Here the job is to transcribe the data verbatim while leaving each picture out.

• RECORDED INFORMATION:
***

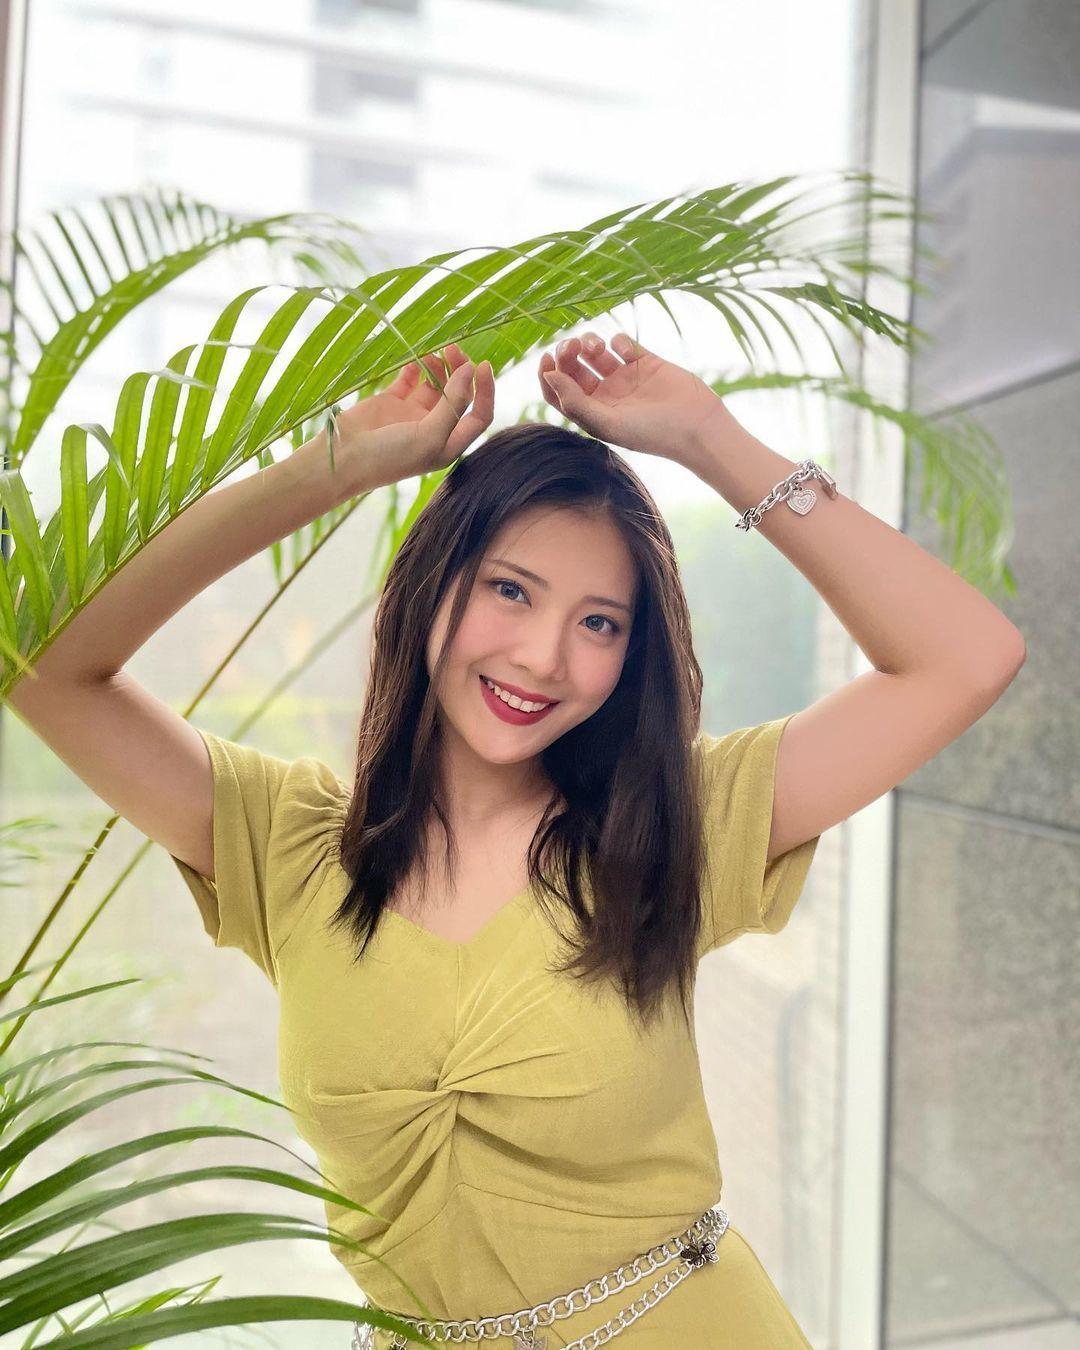 正妹「吴玳慈」就是当年震翻澎湖的辣个女人长大更可爱了插图(3)
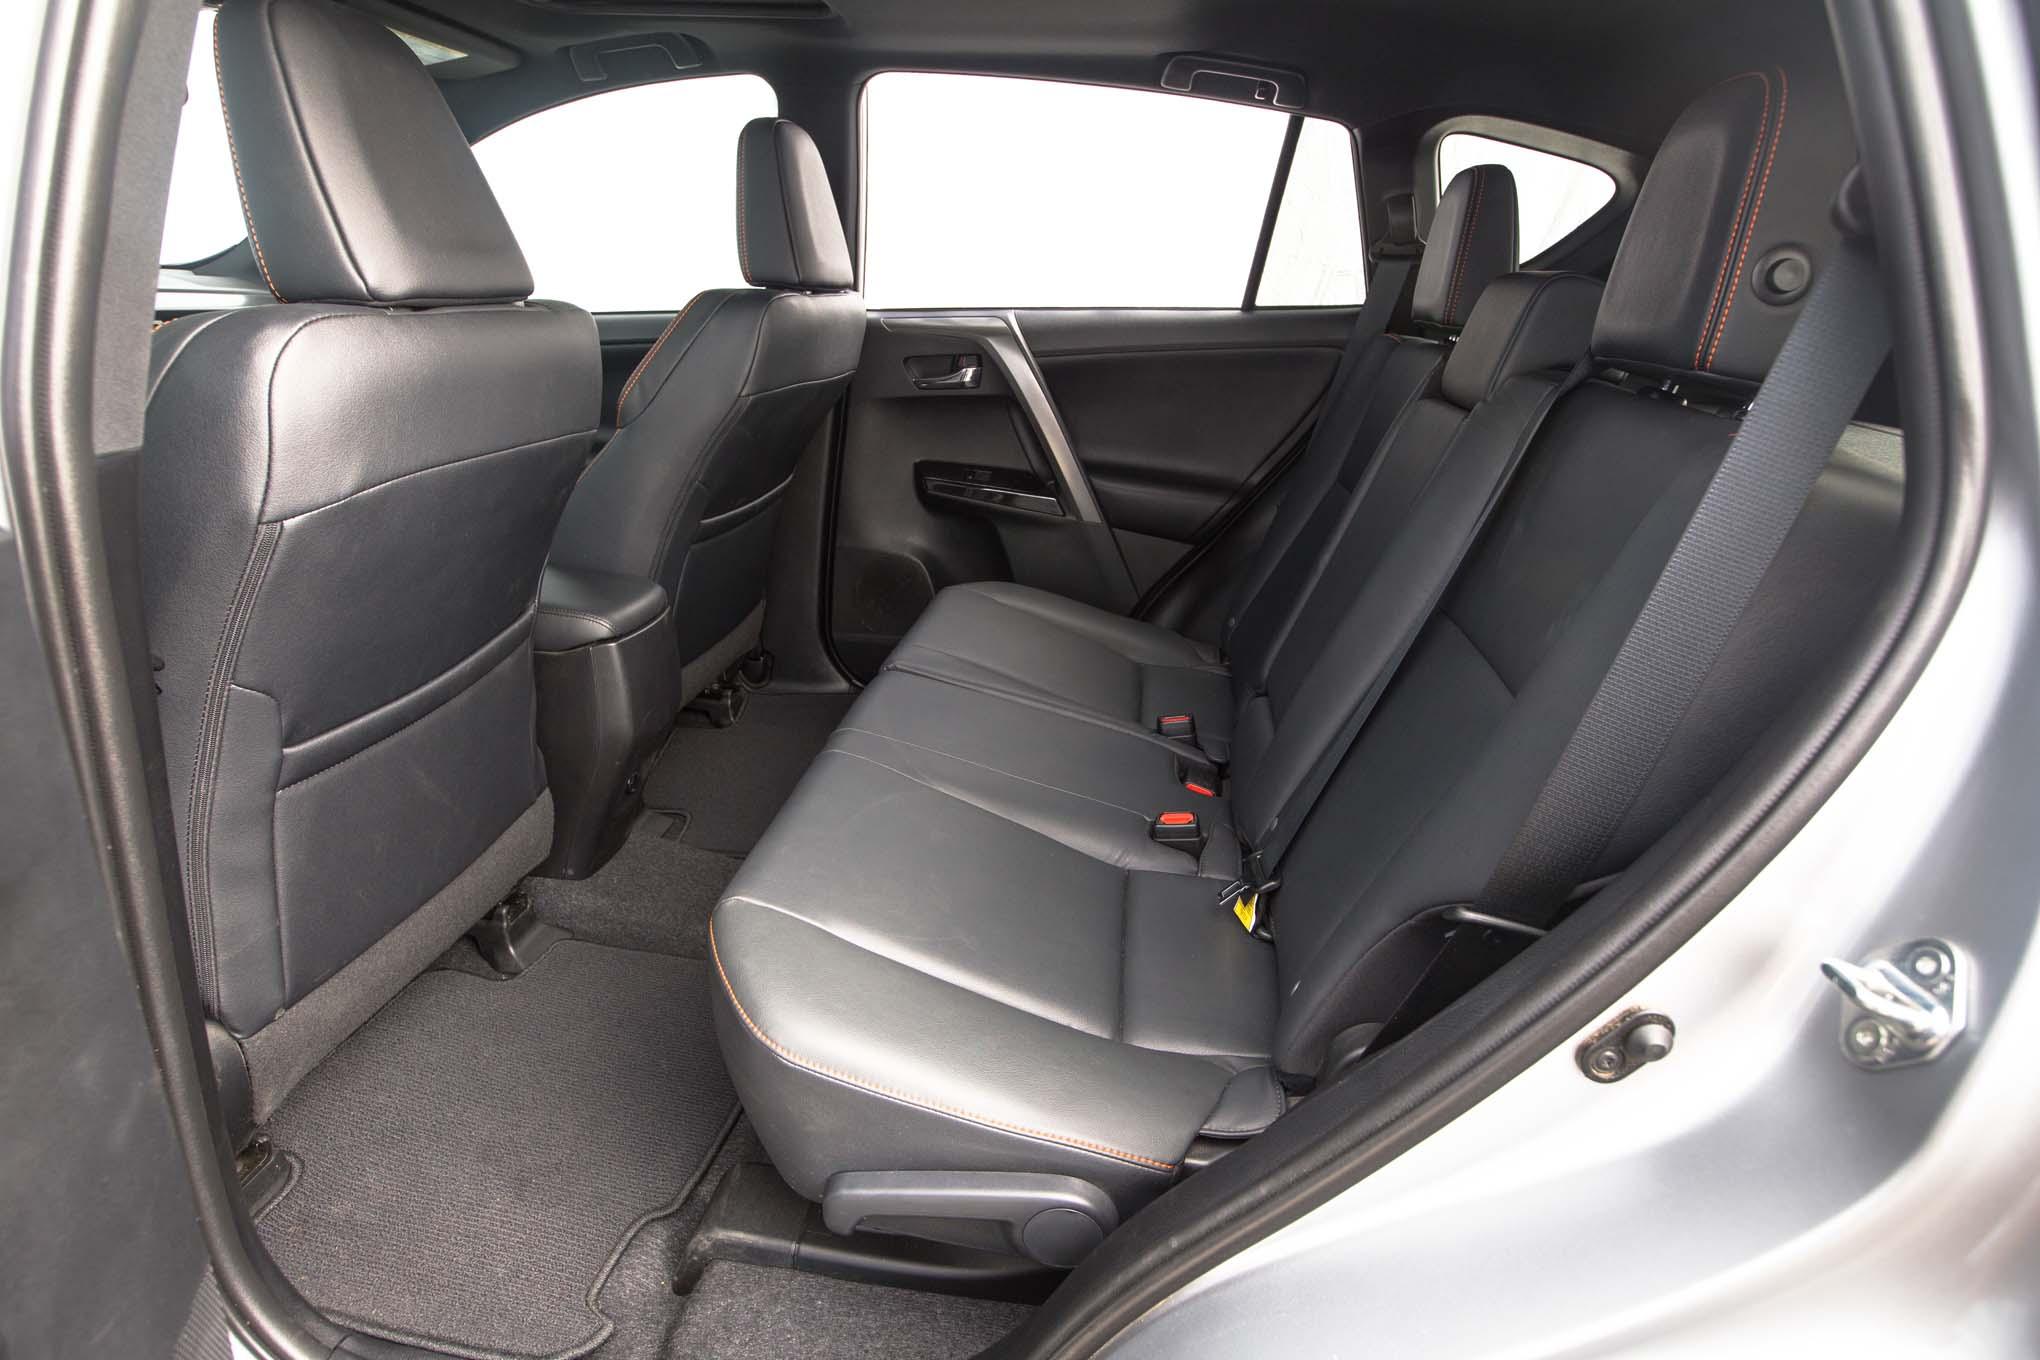 2016 Toyota Rav4 Se Rear Interior Seats Motor Trend En
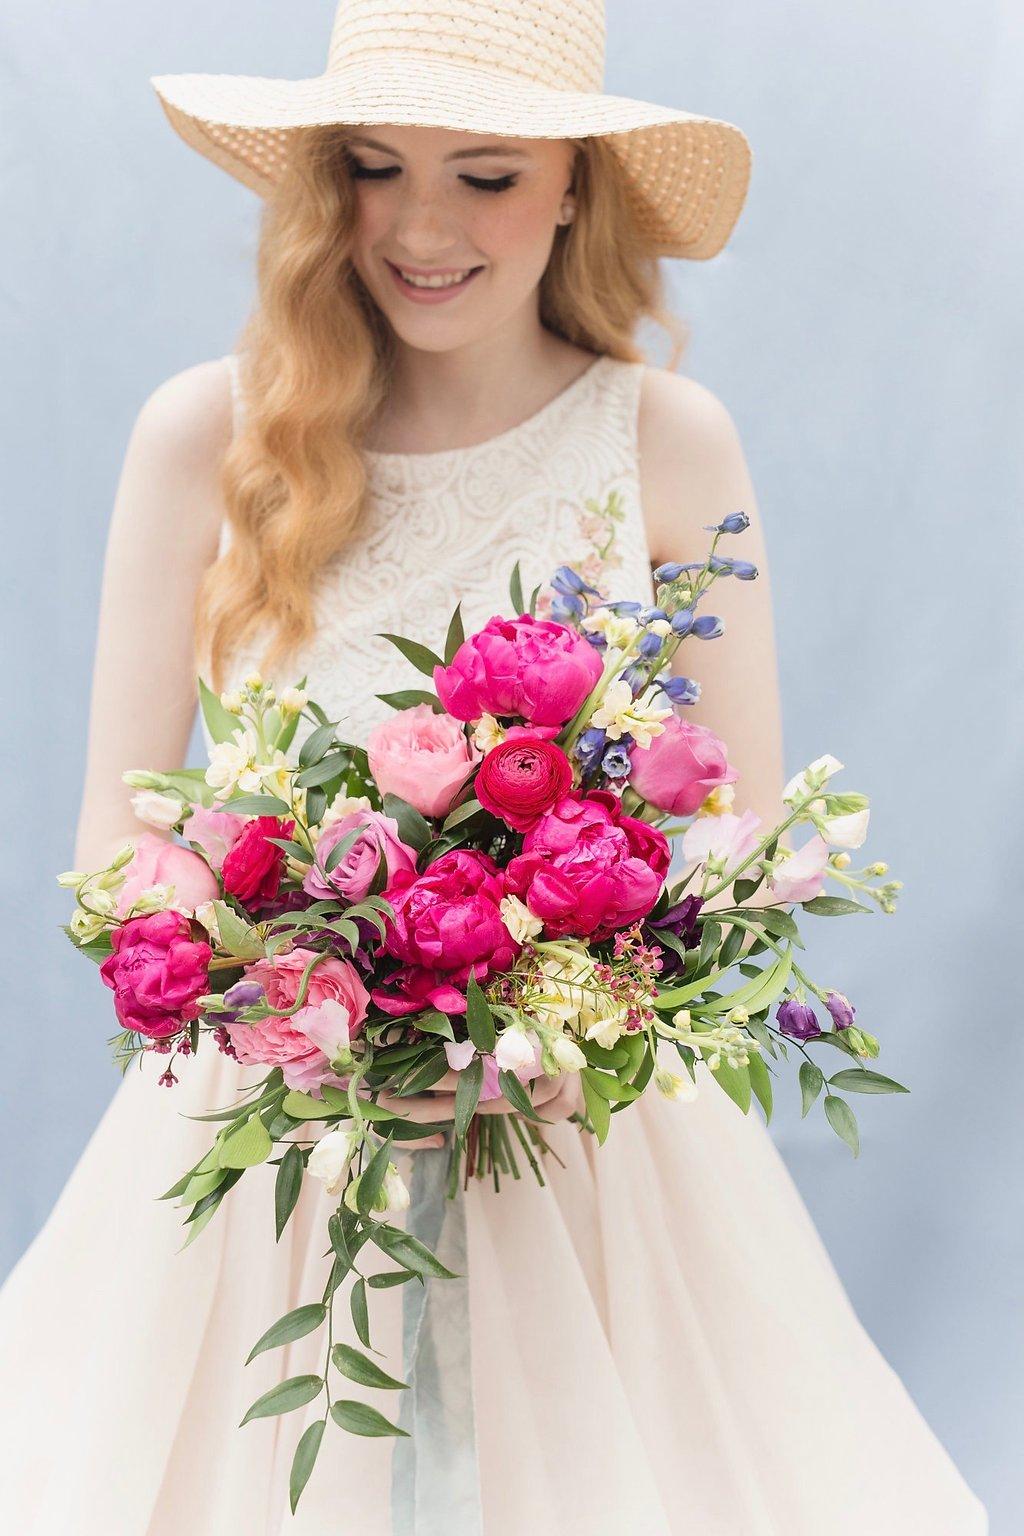 Brunch Wedding Bridal Style

***

• SOLUTION TO THE PROBLEM:
 正妹「吴玳慈」就是当年震翻澎湖的辣个女人长大更可爱了插图(3)
 2016 Toyota Rav4 Se Rear Interior Seats Motor Trend En
 Brunch Wedding Bridal Style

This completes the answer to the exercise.